$\left|\,\circlearrowright\,\boxed{\text{BUS}}\,\right|$: A Large and Diverse Multimodal Benchmark for evaluating the ability of Vision-Language Models to understand Rebus Puzzles
Trishanu Das, Abhilash Nandy, Khush Bajaj, Deepiha S
TL;DR
This work targets the challenge of understanding Rebus Puzzles with Vision-Language Systems.

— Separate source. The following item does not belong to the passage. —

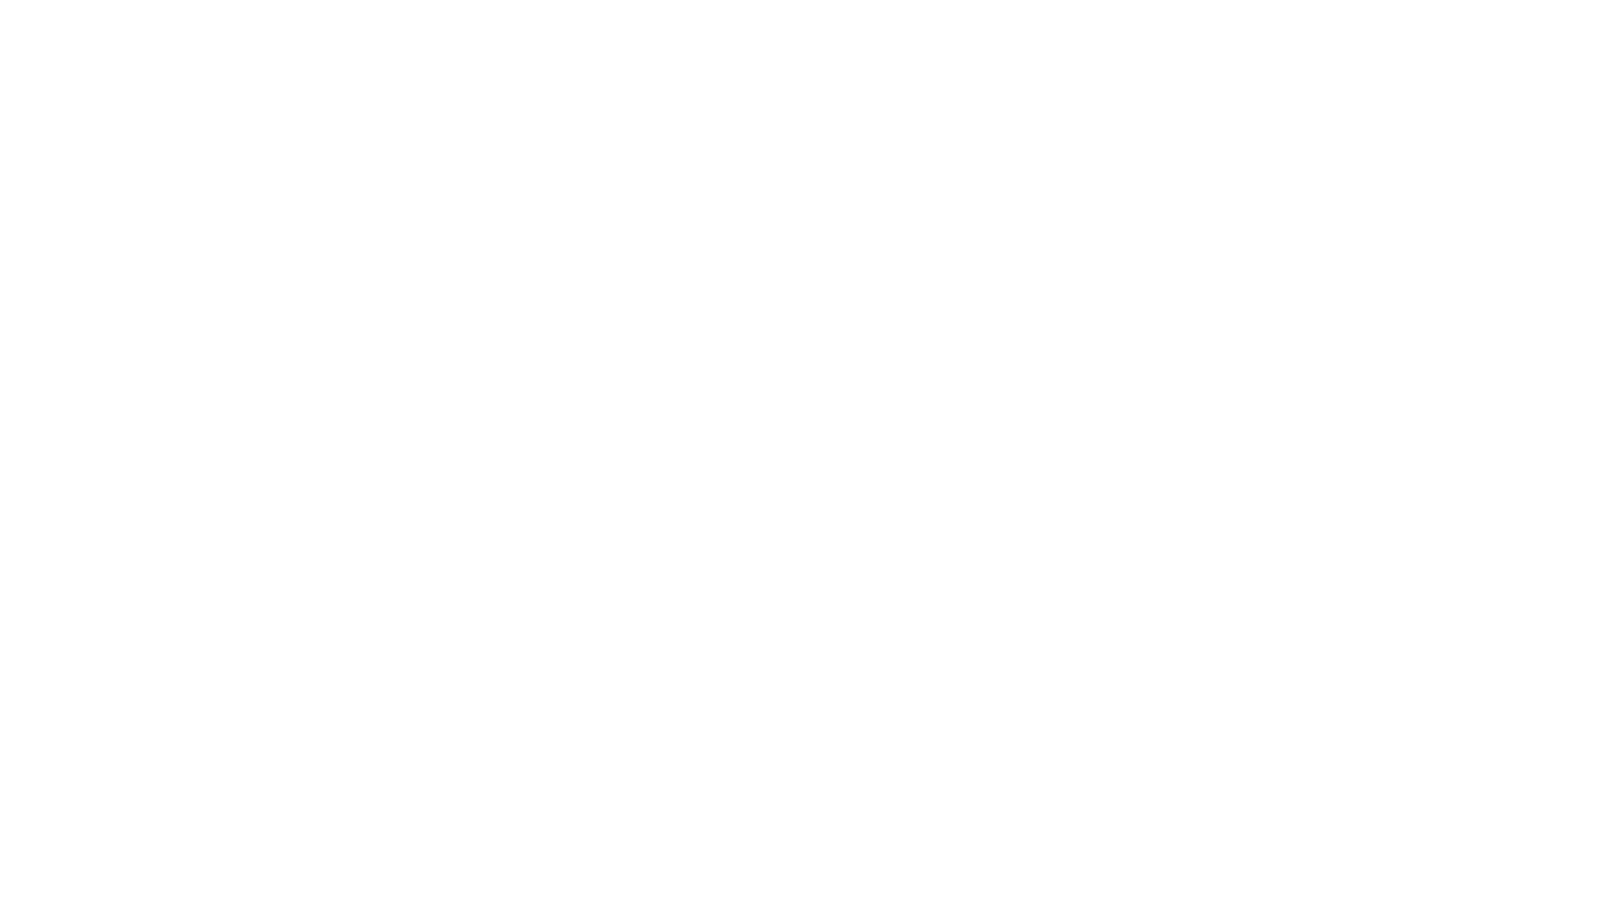 Gainlab Audio - EMPRESS 2x3 Band Tube Equalizer Demo Sound Samples https://gainlabaudio.com/empress-2x3-band-tube-equalizer/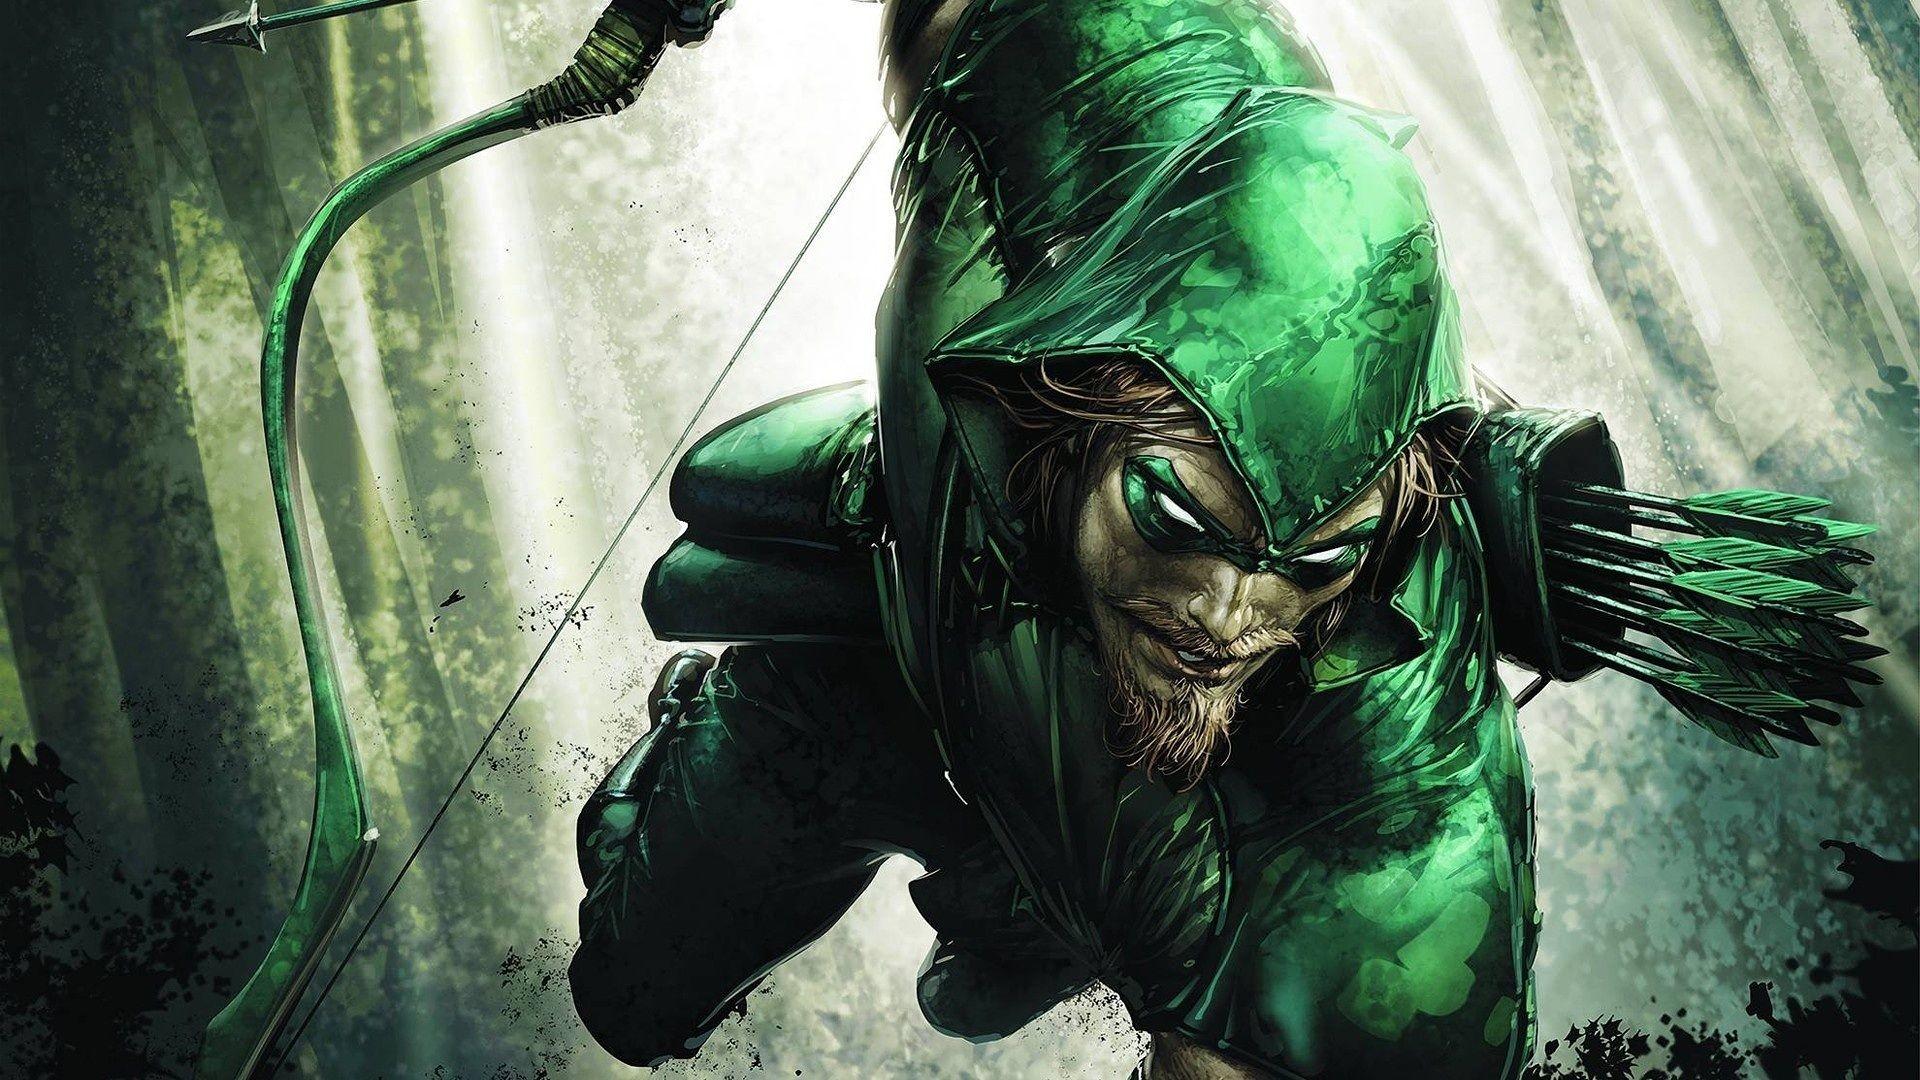 The Green Arrow Comic Artwork Cover Wallpaper

It introduces |BUS|, a large, diverse benchmark containing 1,333 English Rebus Puzzles across 18 categories, enriched with rich metadata and 611 ControlNet-augmented samples to raise difficulty. The authors propose RebusDescProgICE, a model-agnostic in-context reasoning framework that pairs unstructured image descriptions with structured, code-based reasoning and a novel in-context example selection strategy. Across both closed-source (e.g., GPT-4o family) and open-source (e.g., Phi-3.5-Vision, Pixtral, Qwen2-VL-7B) models, RebusDescProgICE yields notable improvements in substring accuracy and Word-Level F1 (e.g., 2.1–4.1% and 20–30% relative gains, respectively), highlighting the importance of combining descriptive grounding with code-based reasoning for challenging multimodal reasoning tasks. Overall, |BUS| provides a tough, model-agnostic benchmark for evaluating and pushing the reasoning capabilities of vision-language systems on creative language-world puzzles.
Abstract
Understanding Rebus Puzzles (Rebus Puzzles use pictures, symbols, and letters to represent words or phrases creatively) requires a variety of skills such as image recognition, cognitive skills, commonsense reasoning, multi-step reasoning, image-based wordplay, etc., making this a challenging task for even current Vision-Language Models. In this paper, we present $\left|\,\circlearrowright\,\boxed{\text{BUS}}\,\right|$, a large and diverse benchmark of $1,333$ English Rebus Puzzles containing different artistic styles and levels of difficulty, spread across 18 categories such as food, idioms, sports, finance, entertainment, etc. We also propose $RebusDescProgICE$, a model-agnostic framework which uses a combination of an unstructured description and code-based, structured reasoning, along with better, reasoning-based in-context example selection, improving the performance of Vision-Language Models on $\left|\,\circlearrowright\,\boxed{\text{BUS}}\,\right|$ by $2.1-4.1\%$ and $20-30\%$ using closed-source and open-source models respectively compared to Chain-of-Thought Reasoning.